Dive Brief:
- Colleges are increasingly developing classrooms that allow for collaboration and exploration by re-arranging existing space or building new facilities to provide these environments. At one, a full-time staff member helps instructors design them.
- A report from the Chronicle of Higher Education says such changes, which allow students to work in groups or engage in discussions, are increasingly popular on campuses.
- At St. Edward’s University, a 5,000-student Catholic university in Austin, Texas, a learning-spaces manager helps professors design the space and change their teaching practices to use it best.
Dive Insight:
St. Edward’s has developed six spaces that are specially configured for active learning, some with furniture on wheels that allows for easy reconfigurations for small-group collaboration, and others with sophisticated video-conferencing equipment. Professors often change their teaching style when they are asked to use the space, the college has found.

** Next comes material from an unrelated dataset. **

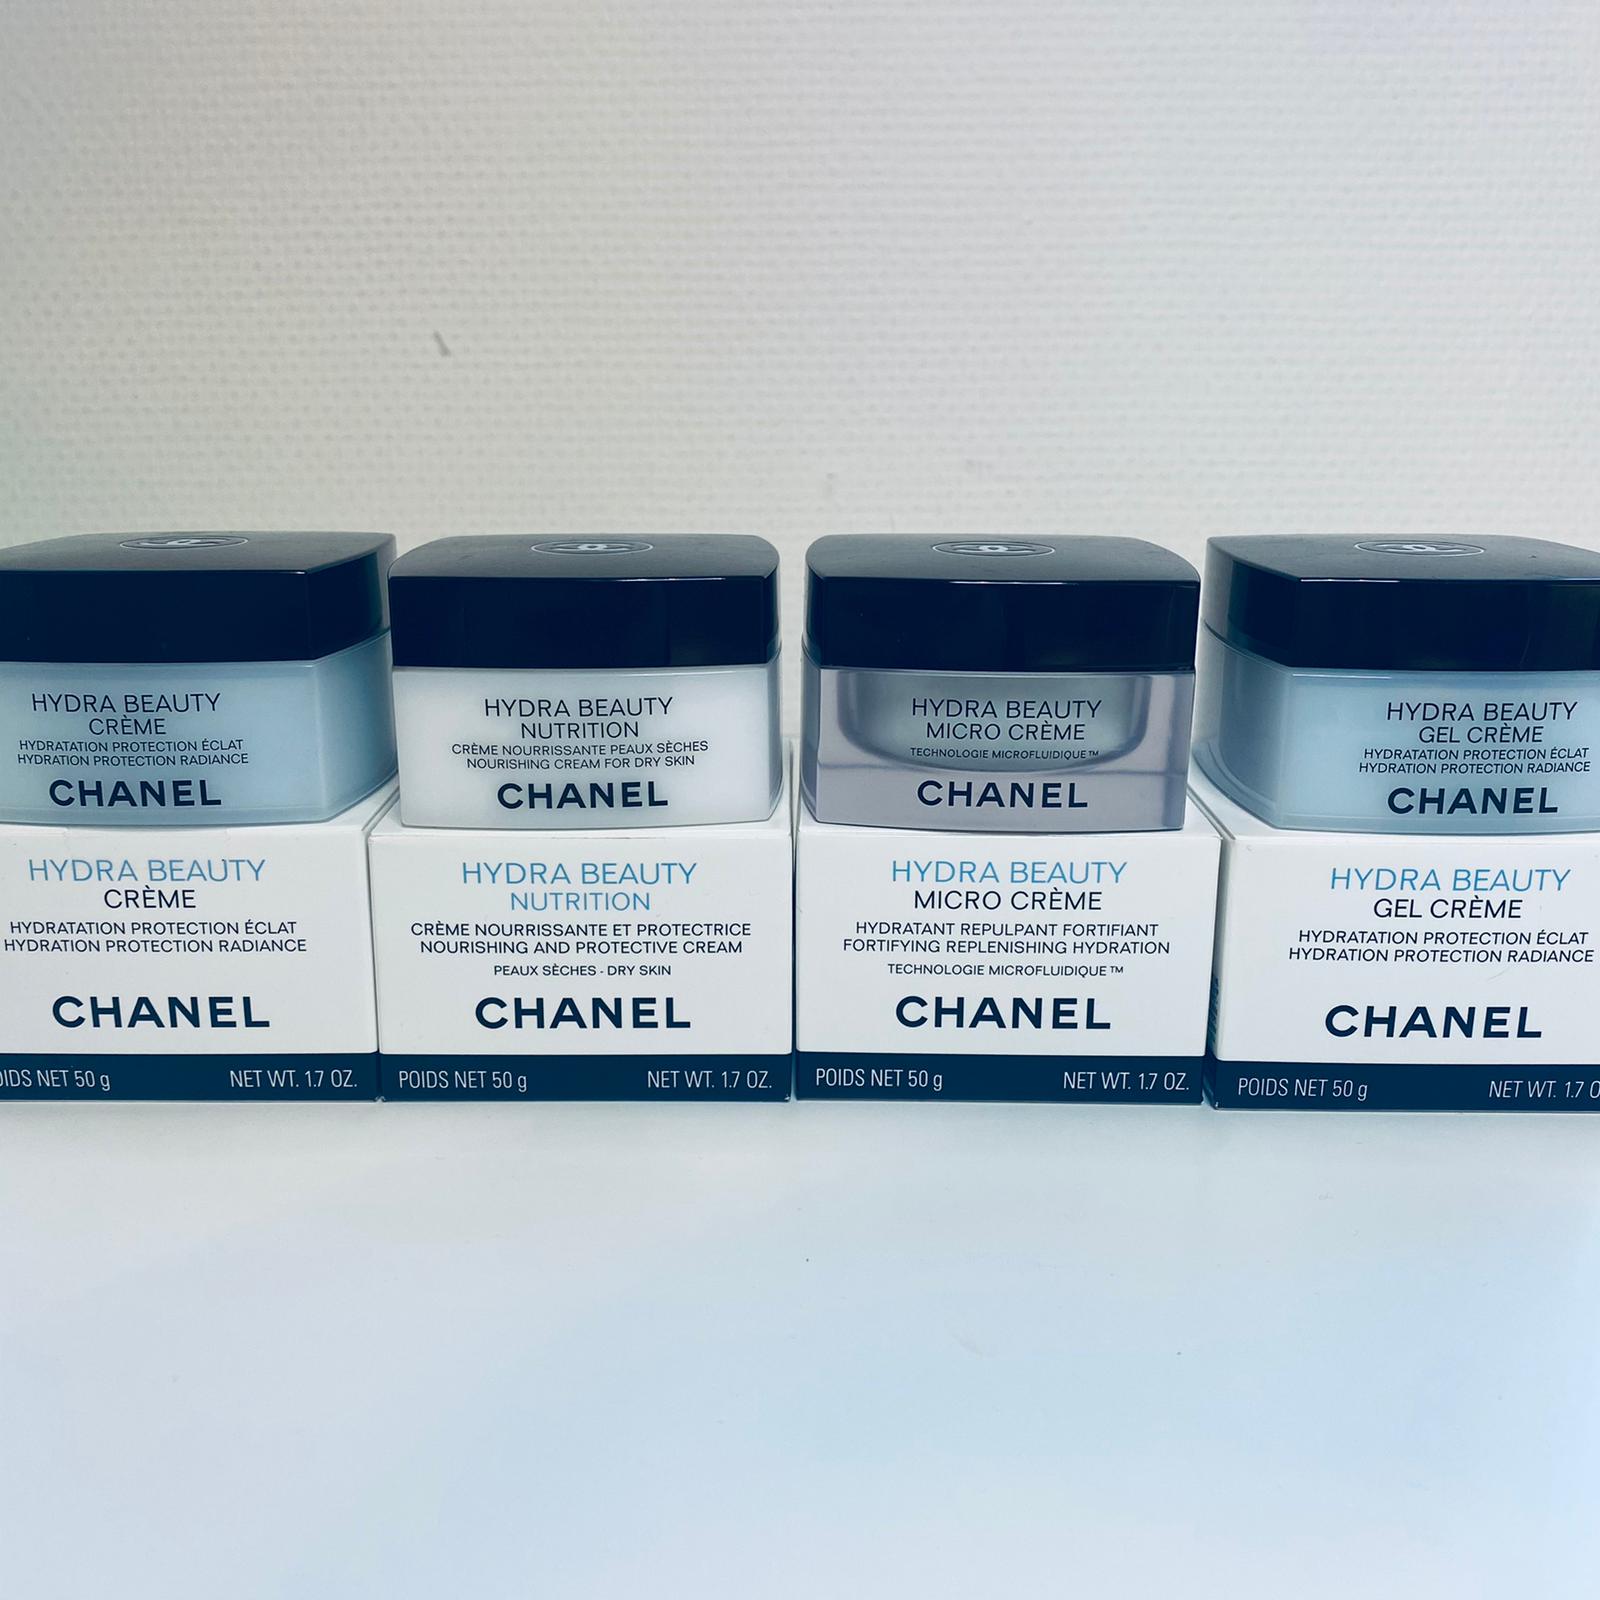 Chanel hydra beauty creme 50 g

Institutions of all sizes and types are trying out new space configurations with the intent of improving learning and student success. The University of Maryland opened a new learning and teaching center with advanced technology that is designed to encourage collaboration, and the University of Arizona developed Collaborative Learning Spaces that can be reserved by professors who say students learn better and use higher-order thinking when they have access to such space. In addition, Dawson College in Montreal recently provided students with several new flexible learning spaces with high-tech equipment.
Bryant University in Rhode Island built a nearly 50,000 square foot Academic Innovation Center that it says "removes traditional physical and intellectual boundaries to teaching and learning." It features an Innovation Forum with furnishings and whiteboards that can be reconfigured to support various collaborative group-learning activities, along with tiered, flat-floor and divisible classrooms, 23 breakout spaces and a café intended to draw student and faculty members to the center.